What Physicians Need to Know About Biosimilars

Full Article

BMY Cheung

Hong Kong J Radiol 2013;16(Suppl):S50-4

Biologics are complex proteins derived from living organisms that have been used successfully in treating many different diseases. As some biologics approach patent expiration, the development of drugs that are similar to the approved biological agents, known as biosimilars, has gained significant interest, primarily as a more affordable option for patients. Because of the structural complexity of large proteins and the inherent heterogeneity associated with culturing and manufacturing conditions, biosimilars are highly similar, but not identical to the approved ‘reference’ agents. Any subtle changes in the manufacturing processes may result in altered function and immunogenicity of the biosimilars, potentially affecting their efficacy and safety profile.
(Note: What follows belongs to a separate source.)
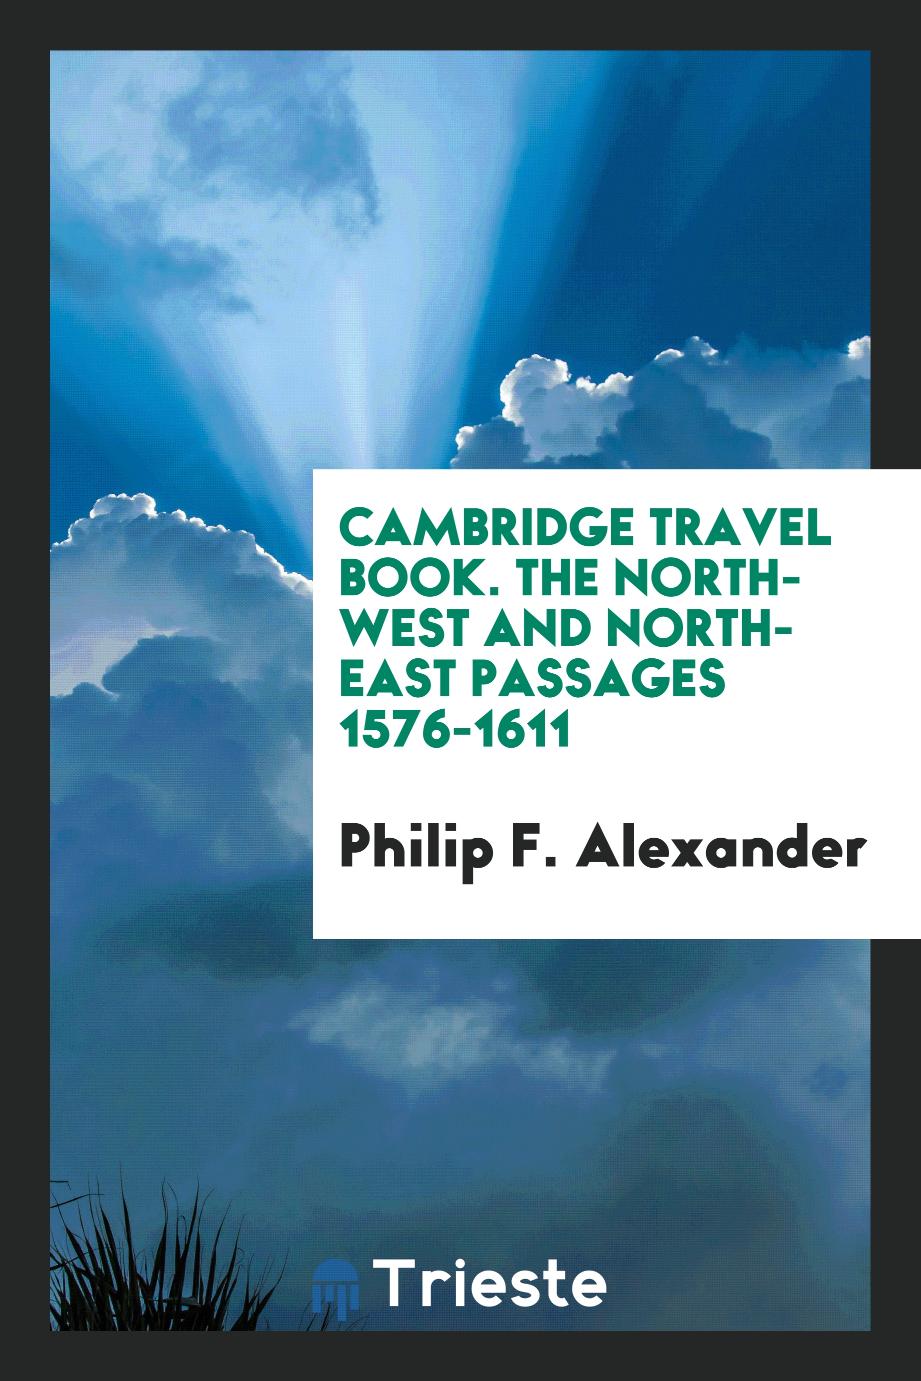 Cambridge travel book. The North-west and North-east passages 1576-1611

Thus, stringent regulatory framework and requirements are necessary to ensure biosimilars are comparable in quality, efficacy, and safety with the reference agents and suitable for clinical use. As this field continues to evolve and more biosimilars are expected to become available in the near future, physicians will need to make informed decisions in the clinical use of biosimilars to ensure that high-quality, safe, and affordable drugs are accessible to patients. This article summarises current considerations, regulatory processes, and challenges in this rapidly evolving field.

 

中文摘要

關於生物製劑的醫生需知

張文勇

生物製劑是來源自活生物的蛋白複合物,已被成功用於治療多種不同疾病。由於部分生物製劑的專利即將期滿,一些與獲批生物製劑相似、稱為生物仿製藥的藥物發展備受關注,成為對病人而言更能負擔的選擇。因為大蛋白質的結構複雜,加上與培植及生產環境相關的變數,所以雖然生物仿製藥與獲認可的「參考」藥物高度相似,但並非完全相同。在製造過程中任何細微的變化,都可能改變生物仿製藥的功能及免疫原性,而可能影響其療效和安全性。因此,必須要有嚴格的監管框架及要求,以確保生物仿製藥與參考藥物在品質、療效及安全性相若,並適合臨床使用。隨着這領域的不斷發展,在不久將來會有更多生物仿製藥面世,醫生將需要在使用生物仿製藥上作出明智的決策,以確保患者可獲得高品質、安全而且負擔得起的藥物。本文總結了在這個正在迅速演變的領域中現今的顧慮、監管程序和挑戰。